6、ConnectorOptionsUtil

HBaseConnectorOptionsUtil.getHBaseConfiguration

6.1 首先通过 HBaseConfigurationUtil.getHBaseConfiguration() 获取 hbaseClientConf ，这个方法里就包含了 classpath 和环境变量两个优先级的获取
6.2 最后根据用户自定义参数更新 hbaseClientConf 并返回。从这里就可以看出用户自定义参数是要比 classpath 和环境变量优先级高的。

    public static Configuration getHBaseConfiguration(ReadableConfig tableOptions) {
        // create default configuration from current runtime env (`hbase-site.xml` in classpath)
        // first,
        // 首先通过 HBaseConfigurationUtil.getHBaseConfiguration() 获取 hbaseClientConf
        // 这个方法里就包含了 classpath 和 环境变量两个优先级的获取
        Configuration hbaseClientConf = HBaseConfigurationUtil.getHBaseConfiguration();
        // 最后根据用户自定义参数更新 hbaseClientConf 并返回
        hbaseClientConf.set(HConstants.ZOOKEEPER_QUORUM, tableOptions.get(ZOOKEEPER_QUORUM));
        hbaseClientConf.set(
                HConstants.ZOOKEEPER_ZNODE_PARENT, tableOptions.get(ZOOKEEPER_ZNODE_PARENT));
        // add HBase properties
        final Properties properties =
                getHBaseClientProperties(
                        ((org.apache.flink.configuration.Configuration) tableOptions).toMap());
        properties.forEach((k, v) -> hbaseClientConf.set(k.toString(), v.toString()));
        return hbaseClientConf;
    }

7、HBaseConfigurationUtil

HBaseConfigurationUtil.getHBaseConfiguration()

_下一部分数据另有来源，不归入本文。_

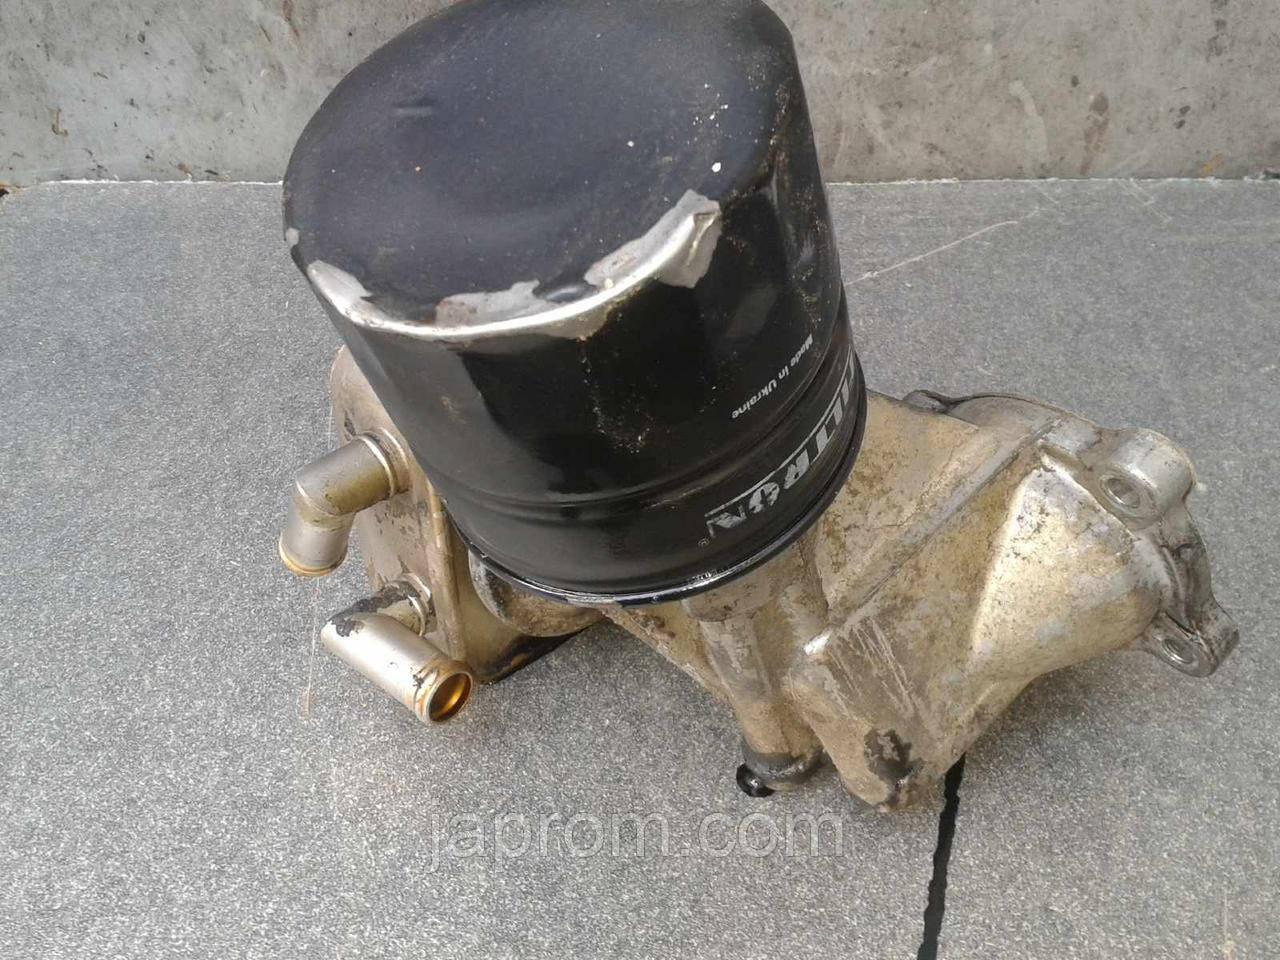 Теплообменник системы смазки Nissan Vanette Serena C23 1994-2001г.в. LD23

7.1 HBaseConfiguration.create() 方法会获取 classpath 中的 hbase-site.xml 和 hbase-default.xml，hbase-site.xml 优先级要高于 hbase-default.xml
7.2 先判断有没有HBASE_HOME环境变量，如果有则读取 hbase-site.xml 和 hbase-default.xml，hbase-site.xml 优先级要高于 hbase-default.xml （具体可以看addHBaseConfIfFound方法）
7.3 然后判断有没有HBASE_CONF_DIR环境变量，如果有则读取 hbase-site.xml 和 hbase-default.xml，hbase-site.xml 优先级要高于 hbase-default.xml （具体可以看addHBaseConfIfFound方法）
后面的配置会覆盖前面的配置，所以从优先级上来看 HBASE_CONF_DIR环境变量 > HBASE_HOME环境变量 >HBaseConfiguration.create() (classpath)

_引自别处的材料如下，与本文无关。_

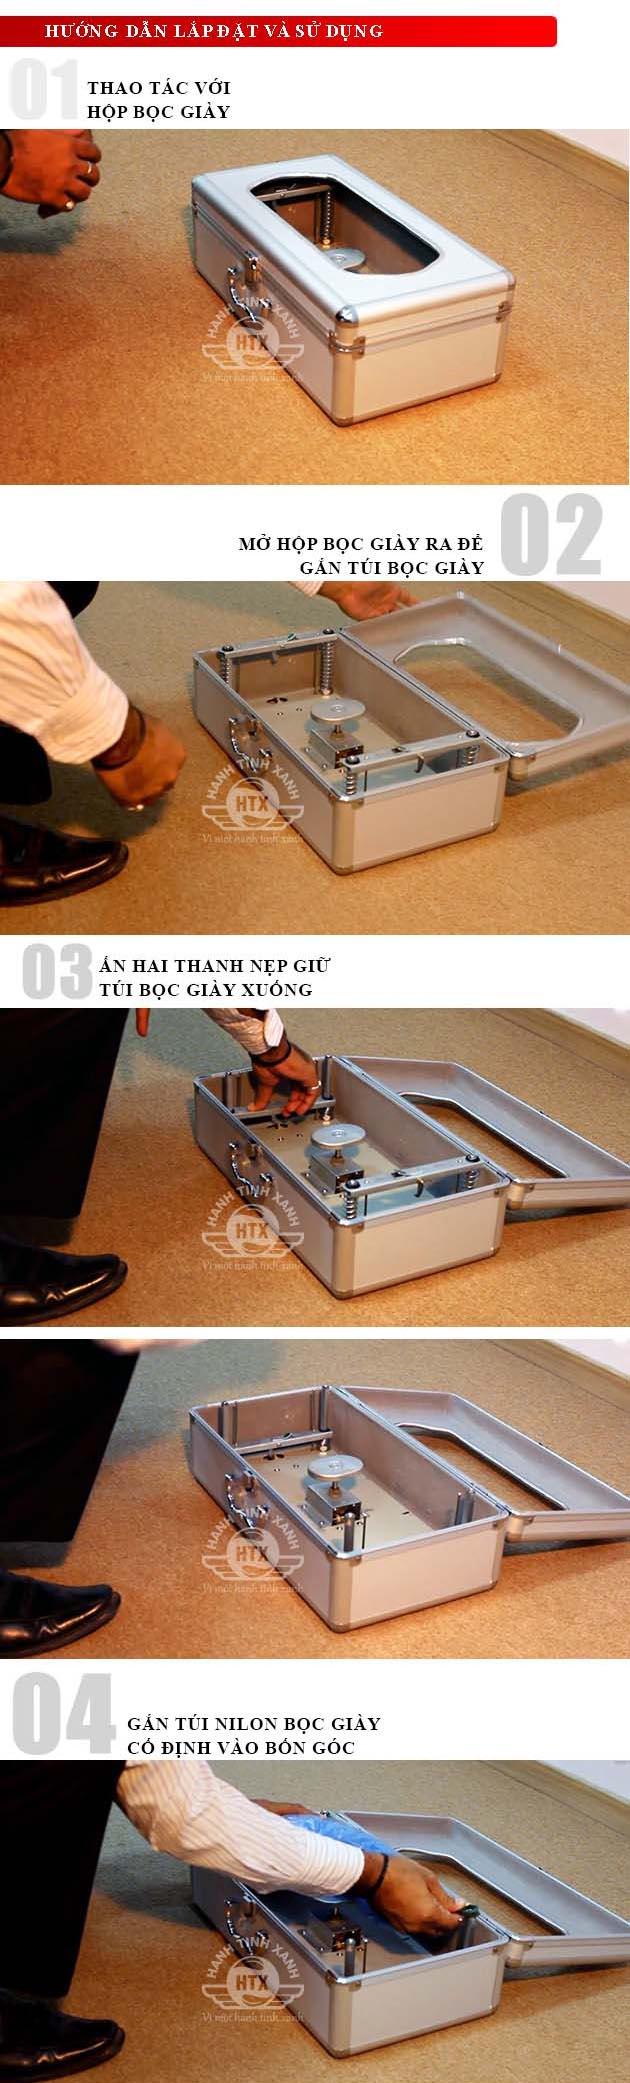 Sử dụng hộp bọc giày

备注：addResource方法会读取新的配置覆盖旧的配置，也就是会更新配置，所以最后读取的配置优先级最高

    public static Configuration getHBaseConfiguration() {

        // Instantiate an HBaseConfiguration to load the hbase-default.xml and hbase-site.xml from
        // the classpath.
        // 获取 classpath 中的 hbase-site.xml 和 hbase-default.xml
        // hbase-site.xml 优先级要高于 hbase-default.xml
        Configuration result = HBaseConfiguration.create();
        boolean foundHBaseConfiguration = false;

        // We need to load both hbase-default.xml and hbase-site.xml to the hbase configuration
        // The properties of a newly added resource will override the ones in previous resources, so
        // a configuration
        // file with higher priority should be added later.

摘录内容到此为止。